Start of Block

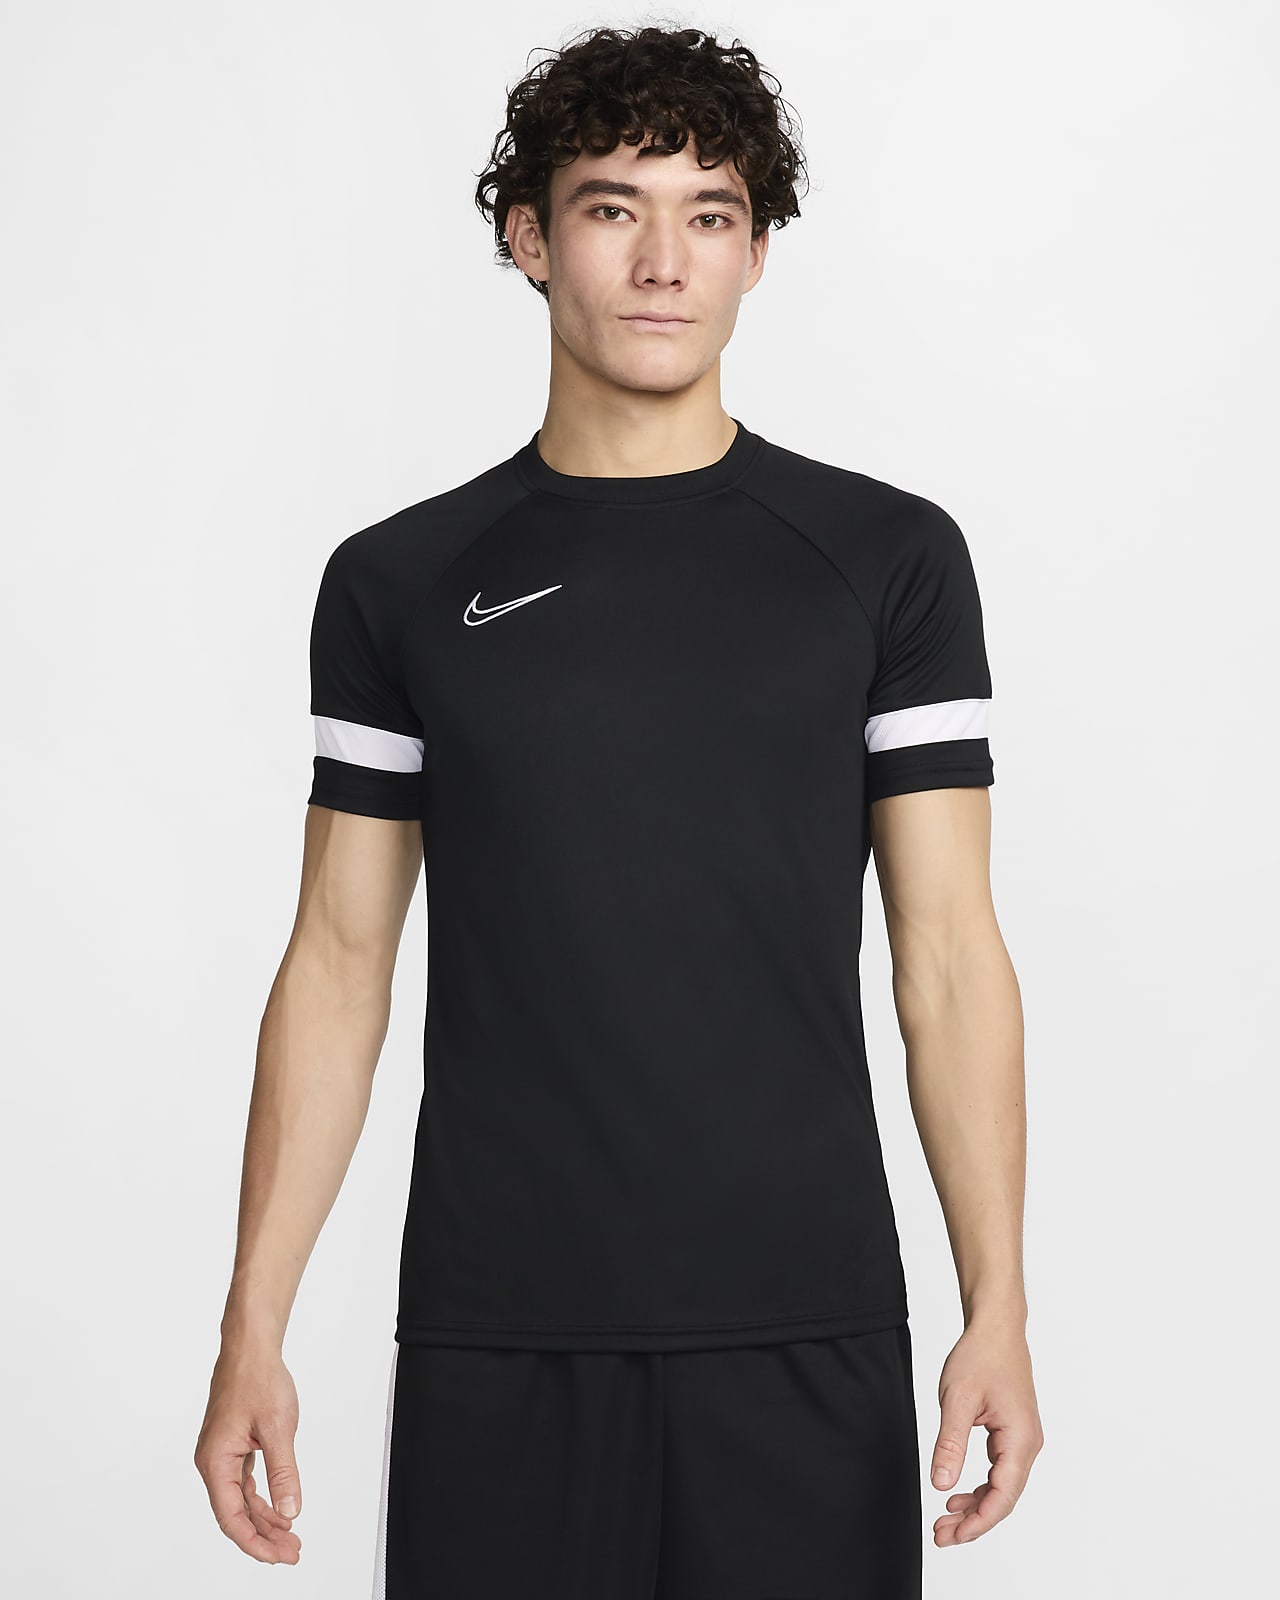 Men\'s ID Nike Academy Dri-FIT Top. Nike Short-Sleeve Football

End of Block
Start of Block

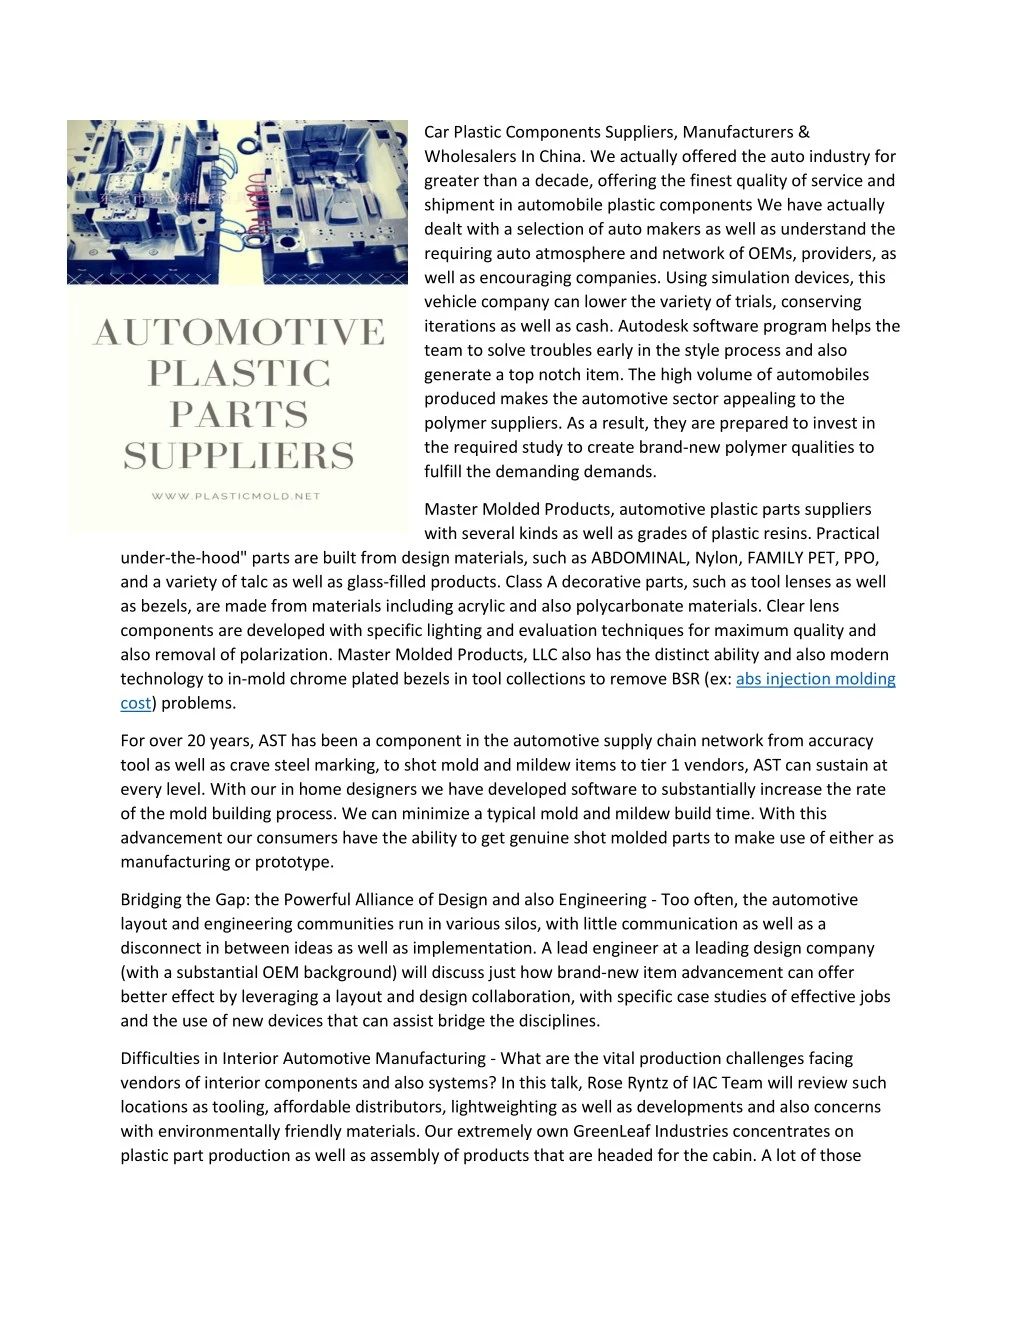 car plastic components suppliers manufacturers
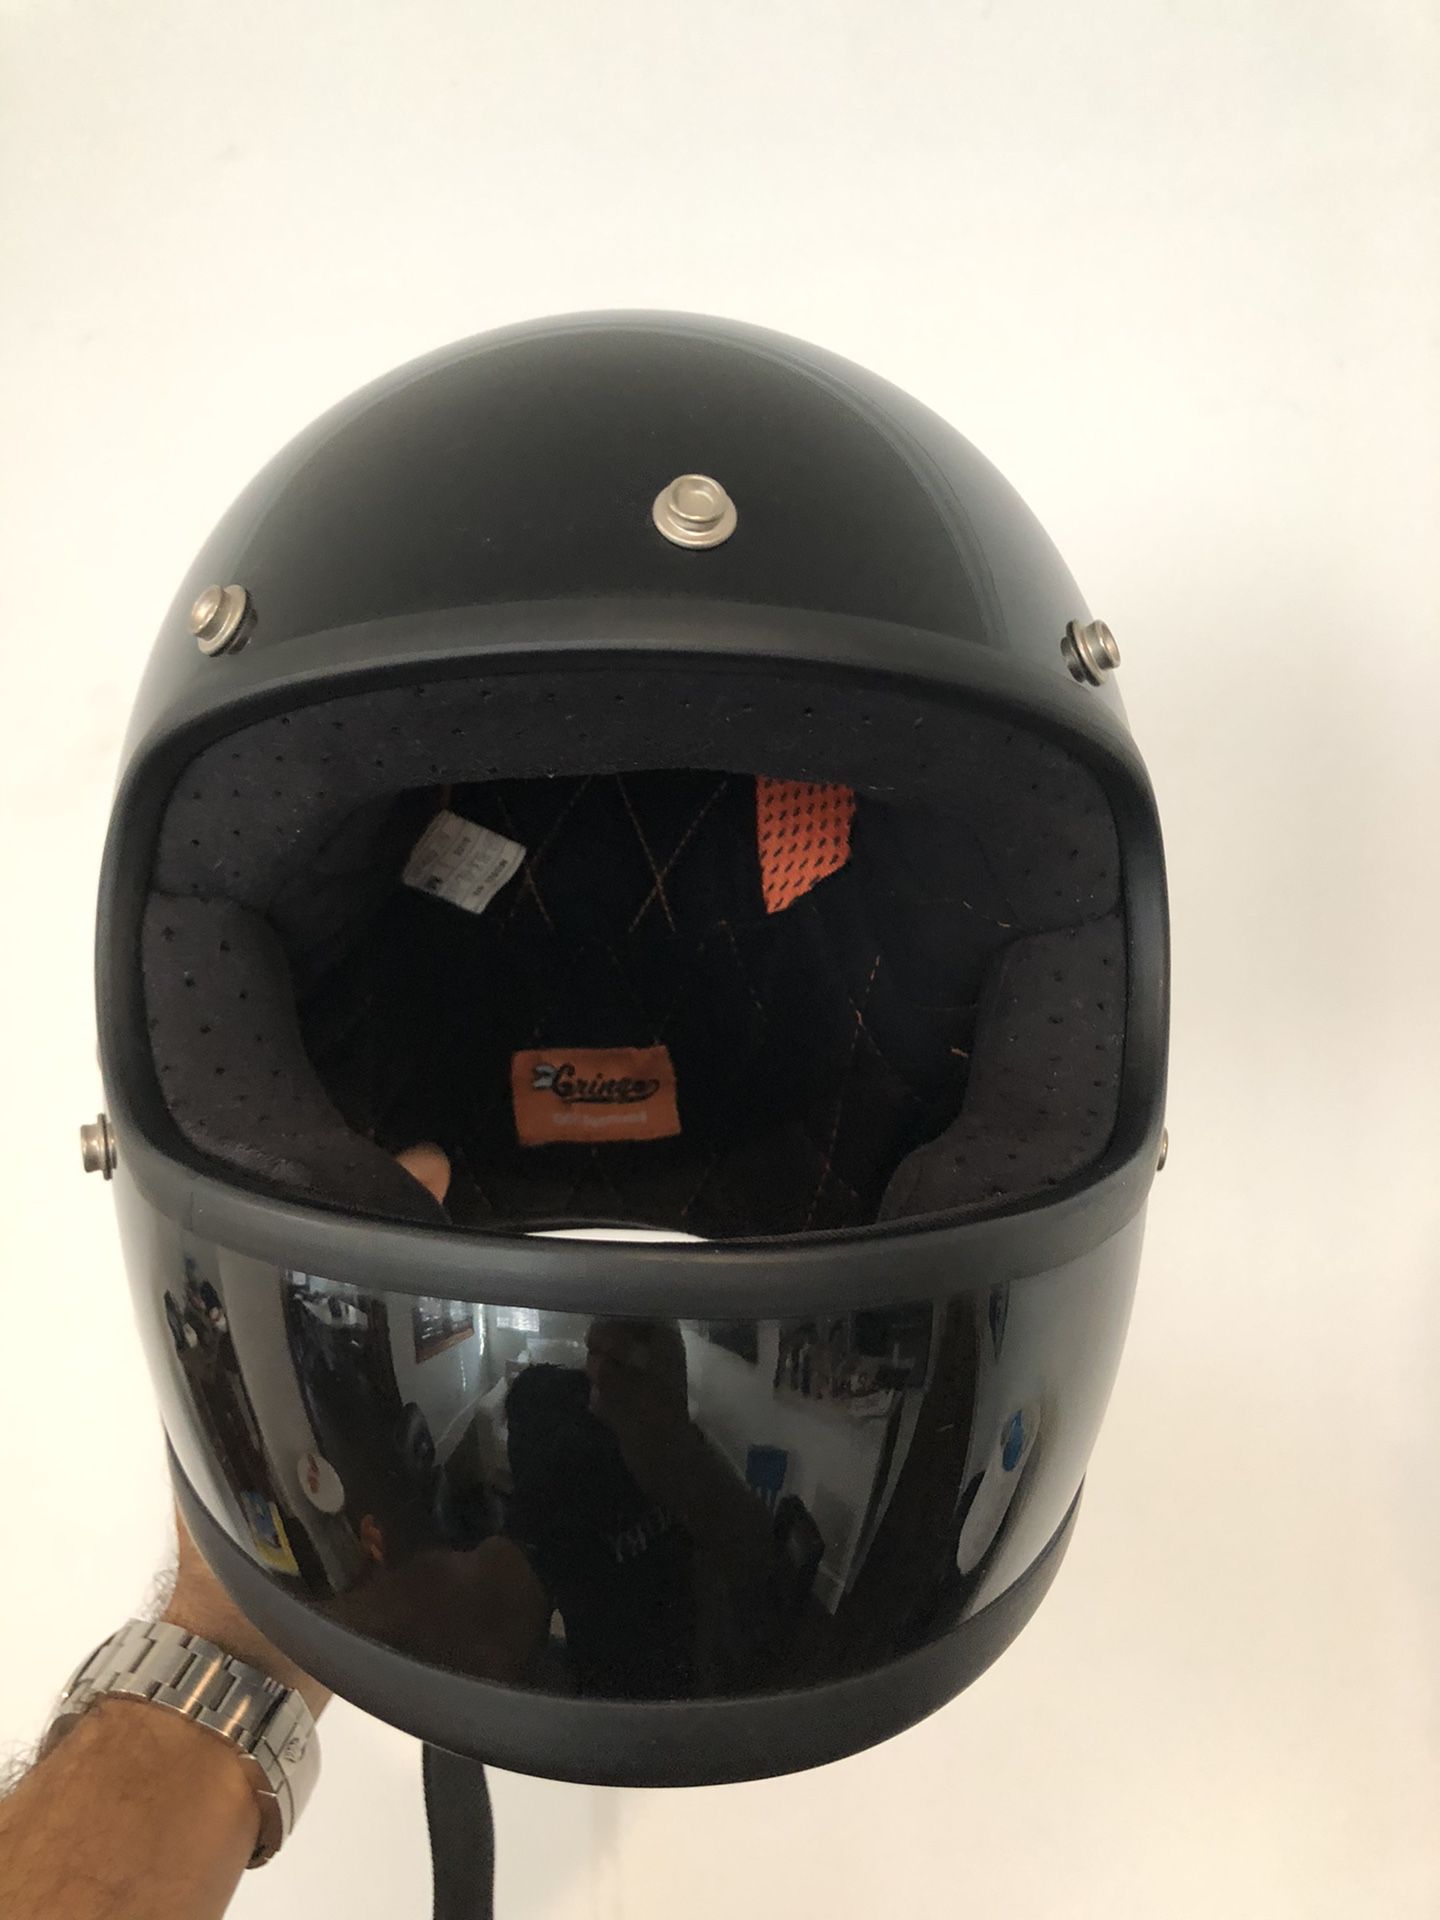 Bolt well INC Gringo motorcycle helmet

End of Block

▶ [TASK TO CARRY OUT] How would the lines above read from the one with "car plastic components" to the one with "Bolt well INC Gringo motorcycle helmet", inclusive, with no pictures? Write them out exactly.

▶ [FINAL ANSWER]
 car plastic components suppliers manufacturers
 Bolt well INC Gringo motorcycle helmet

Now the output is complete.